■ **What is being asked**
Copy the listing as it is written, and leave each picture out.

Material provided: Begin

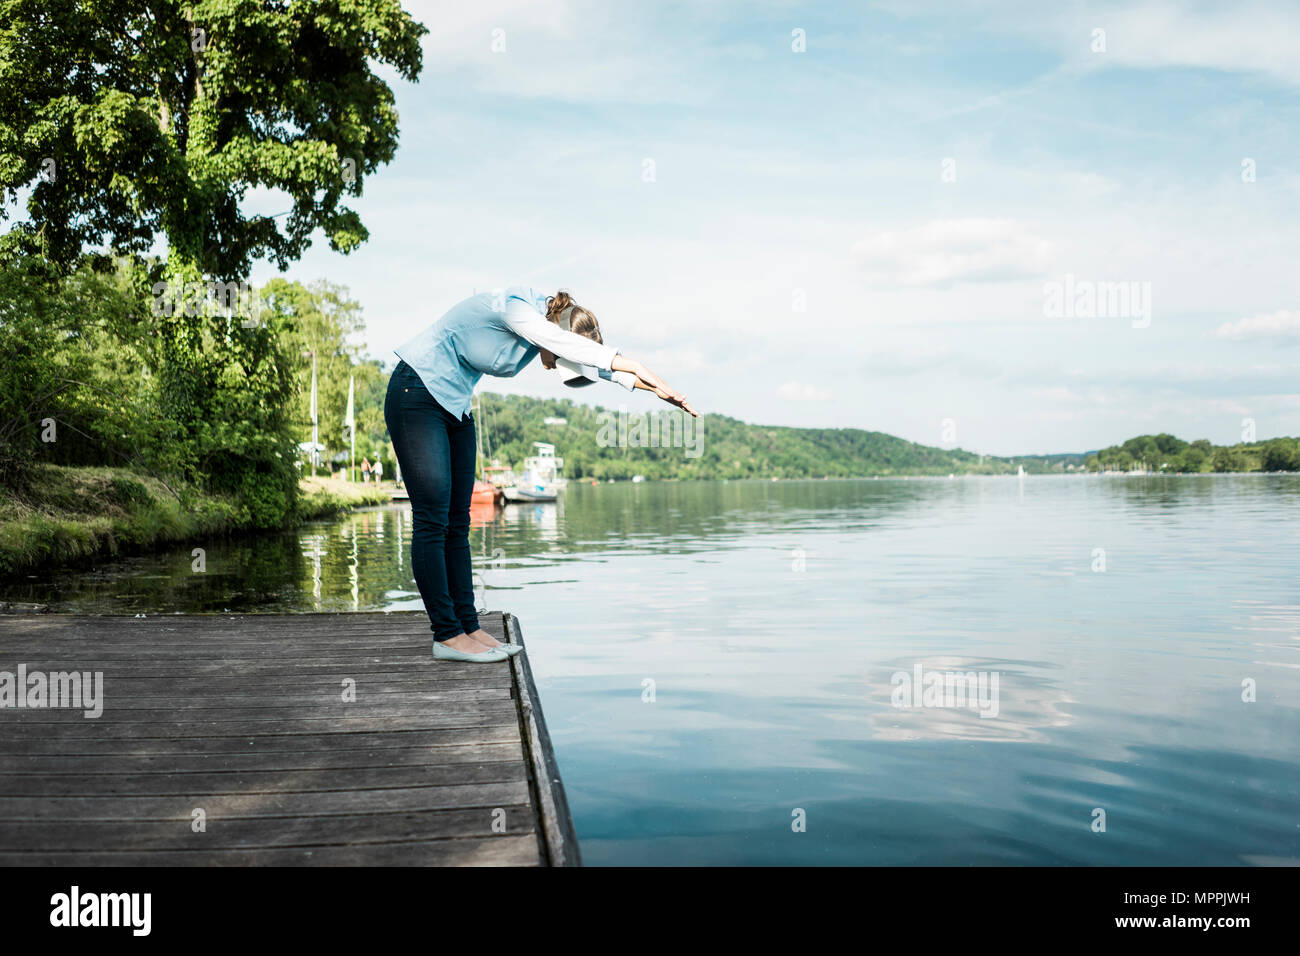 Frau auf Jetty VR-Brille vorgibt, tauchen Sie ein in einen See Stockfoto
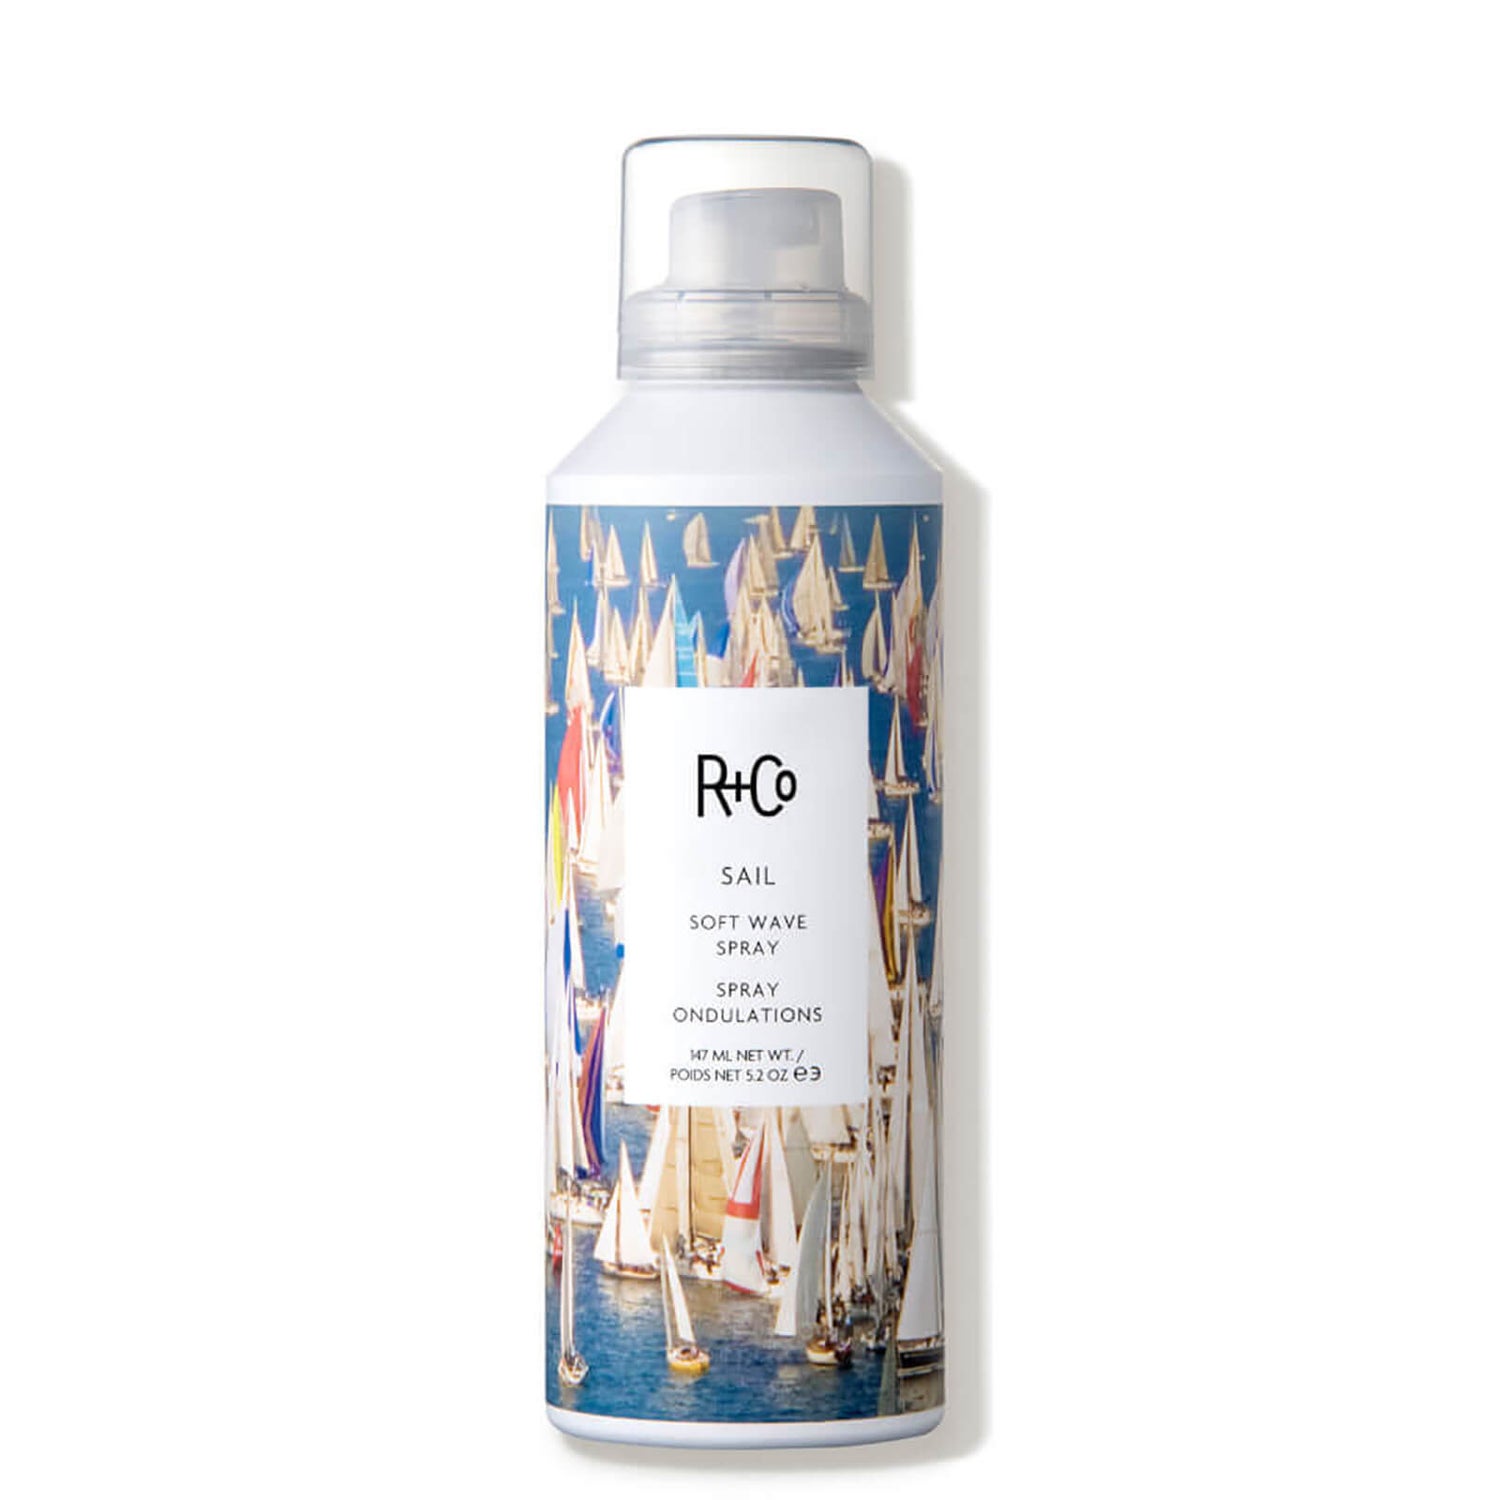 R+Co SAIL Soft Wave Spray (5.2 oz.)
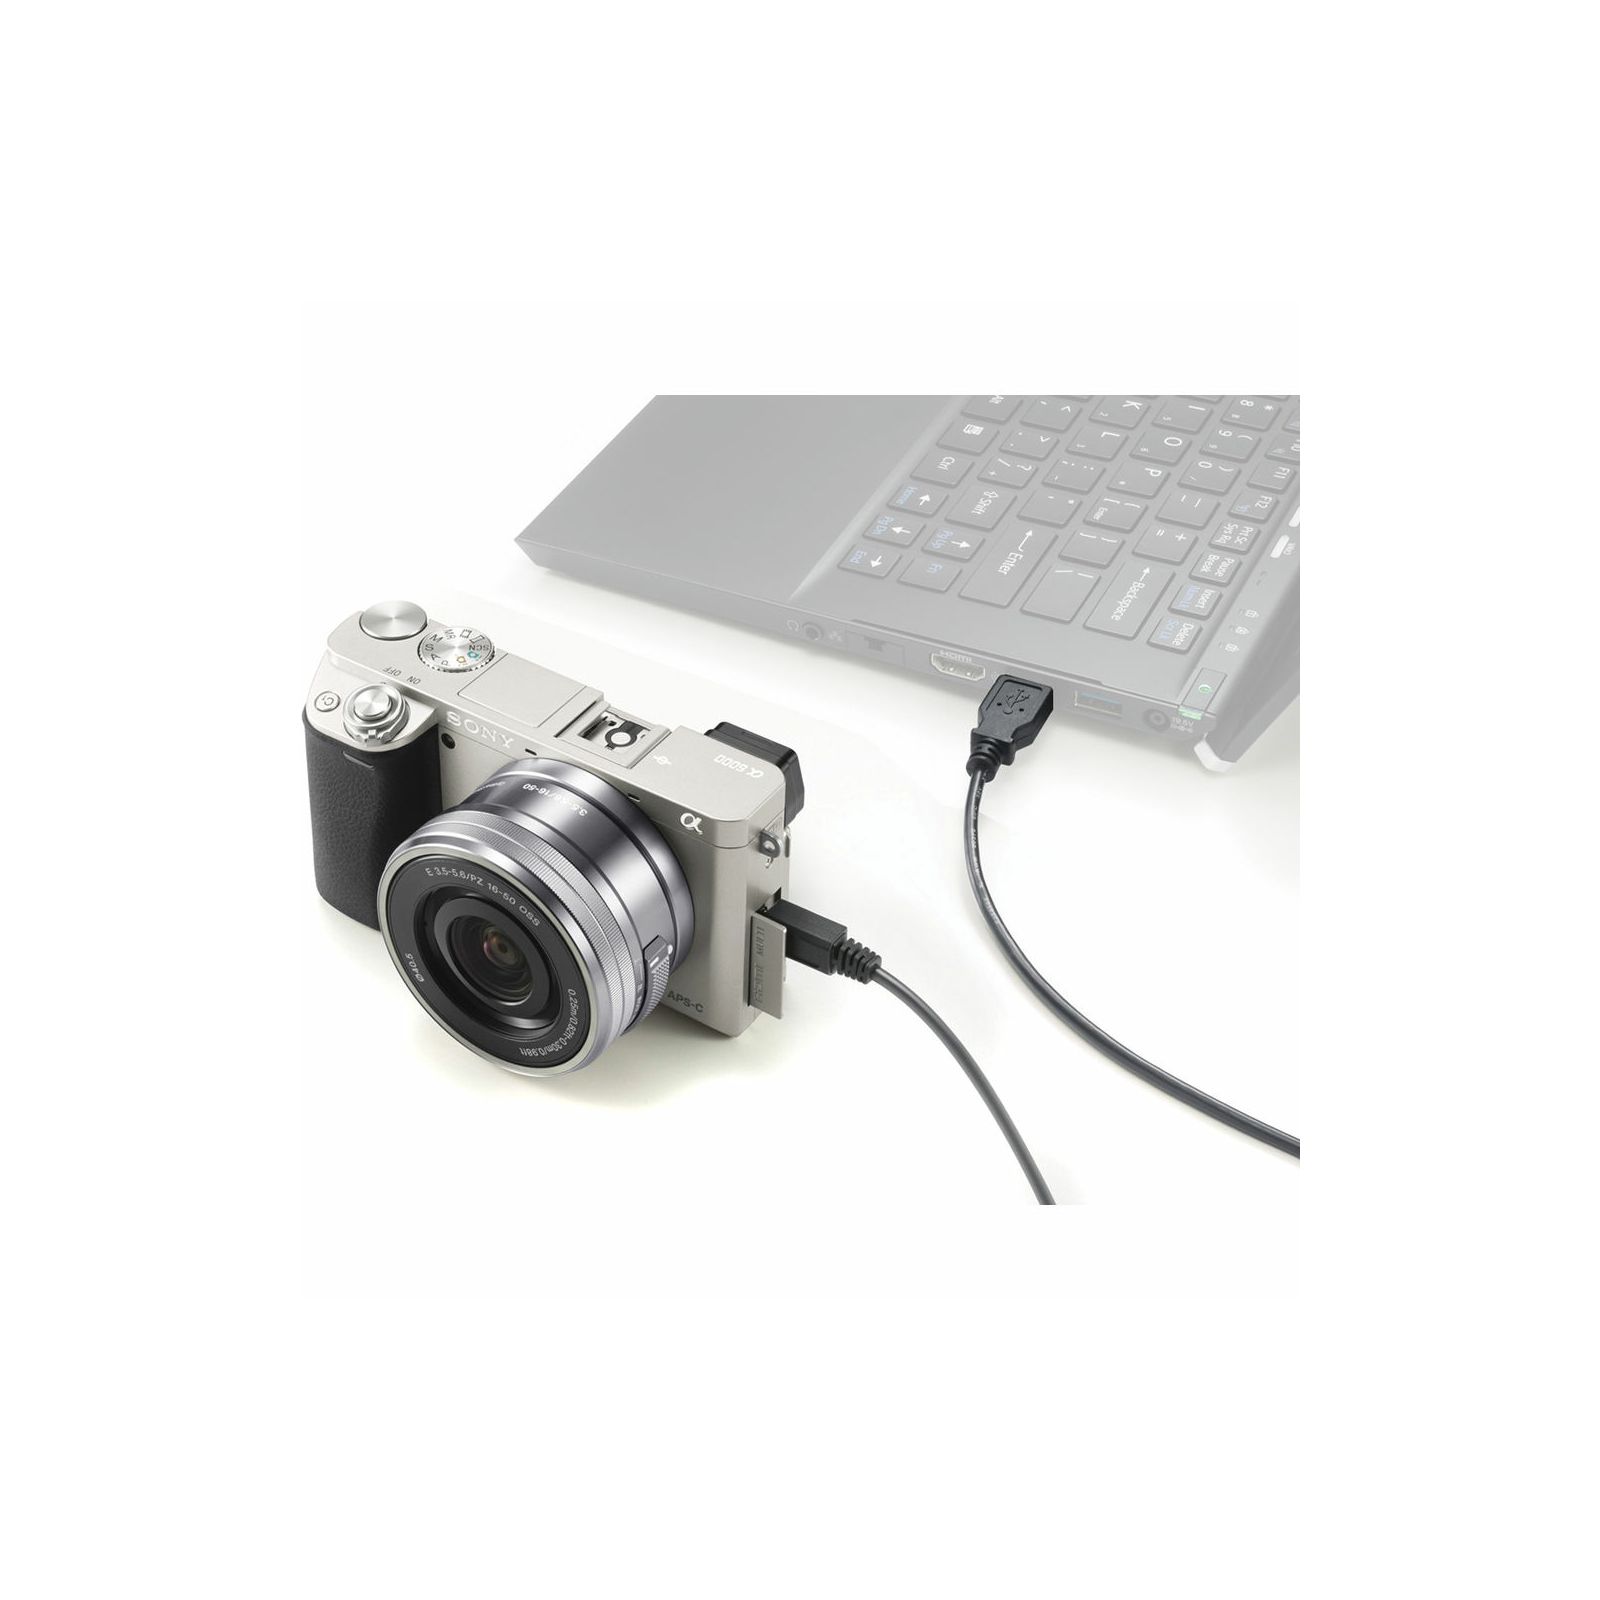 Sony Alpha a6000 + 16-50 f/3.5-5.6 KIT Silver Mirrorless Digital Camera srebreni bezrcalni digitalni fotoaparat i zoom objektiv SEL1650 16-50mm f3.5-5.6 ILCE-6000LS ILCE6000LS (ILCE6000LS.CEC)
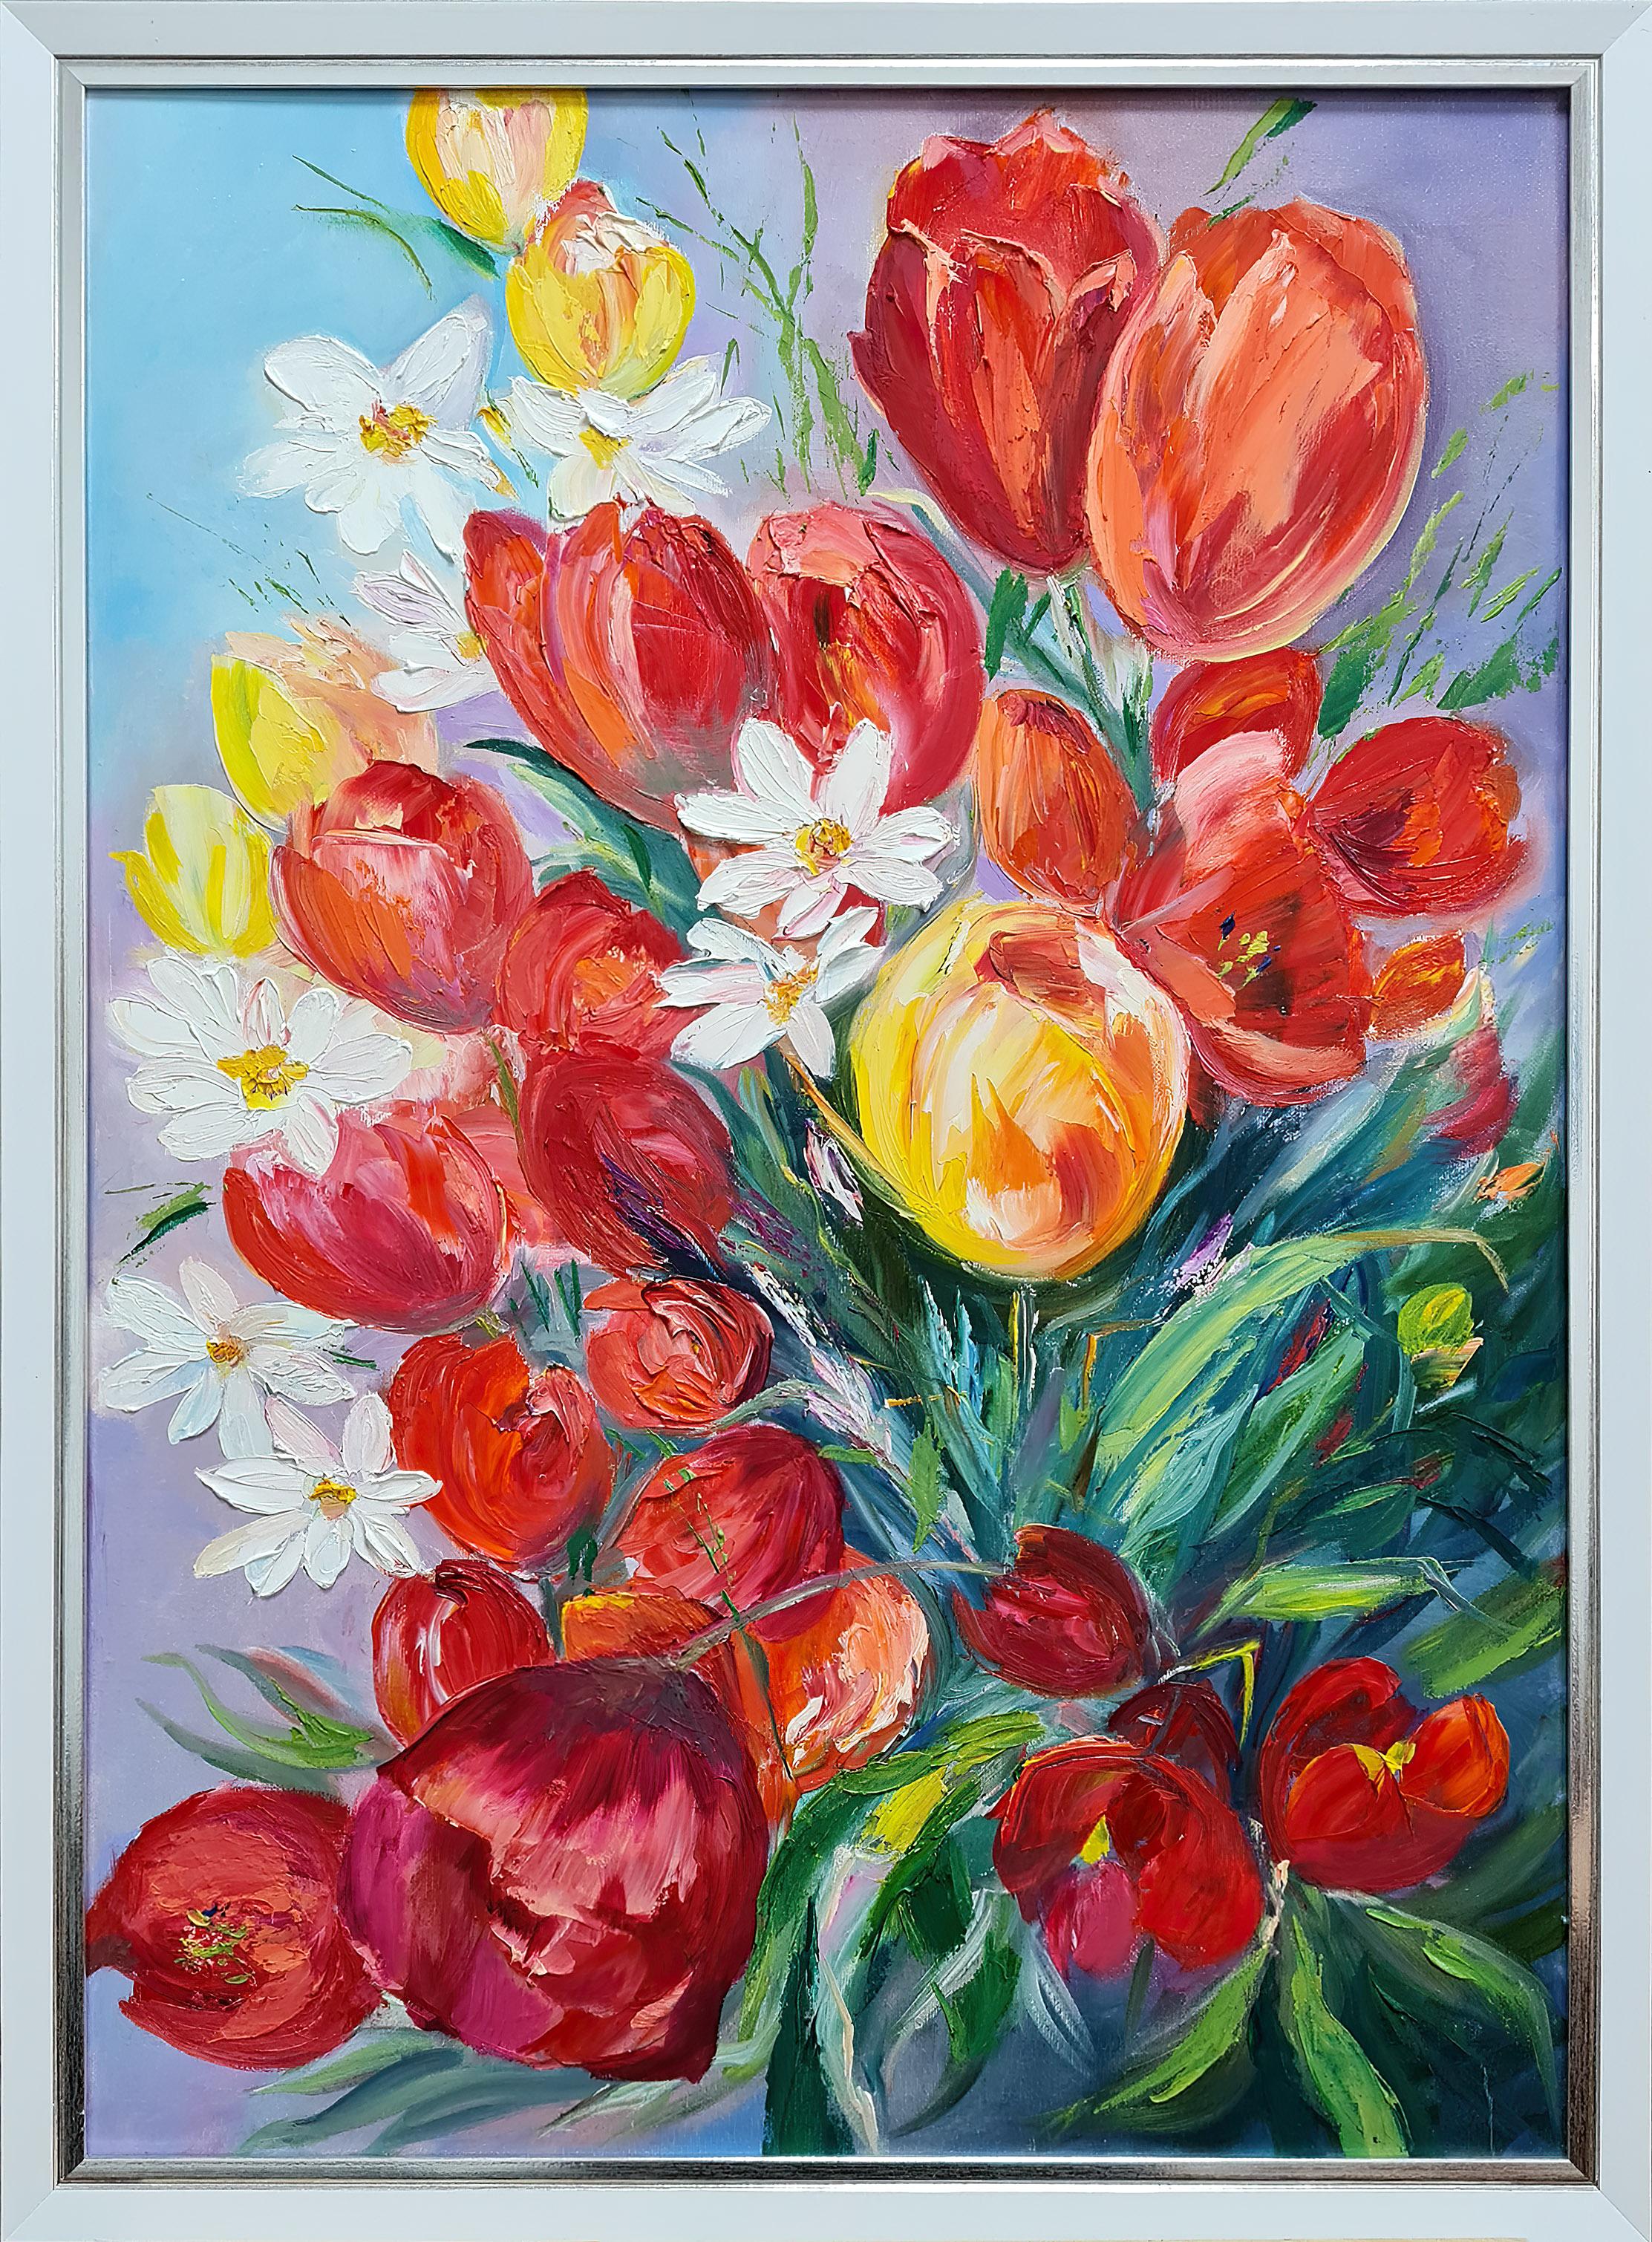  « Un bouquet de tulipes lumineux », peinture à l'huile de Volskaya Lilya - Painting de Lilya Volskaya

Material provided: End

■ **Completed task**
 Frau auf Jetty VR-Brille vorgibt, tauchen Sie ein in einen See Stockfoto
 R+Co SAIL Soft Wave Spray (5.2 oz.)
 Sony Alpha a6000 + 16-50 f/3.5-5.6 KIT Silver Mirrorless Digital Camera srebreni bezrcalni digitalni fotoaparat i zoom objektiv SEL1650 16-50mm f3.5-5.6 ILCE-6000LS ILCE6000LS (ILCE6000LS.CEC)
  « Un bouquet de tulipes lumineux », peinture à l'huile de Volskaya Lilya - Painting de Lilya Volskaya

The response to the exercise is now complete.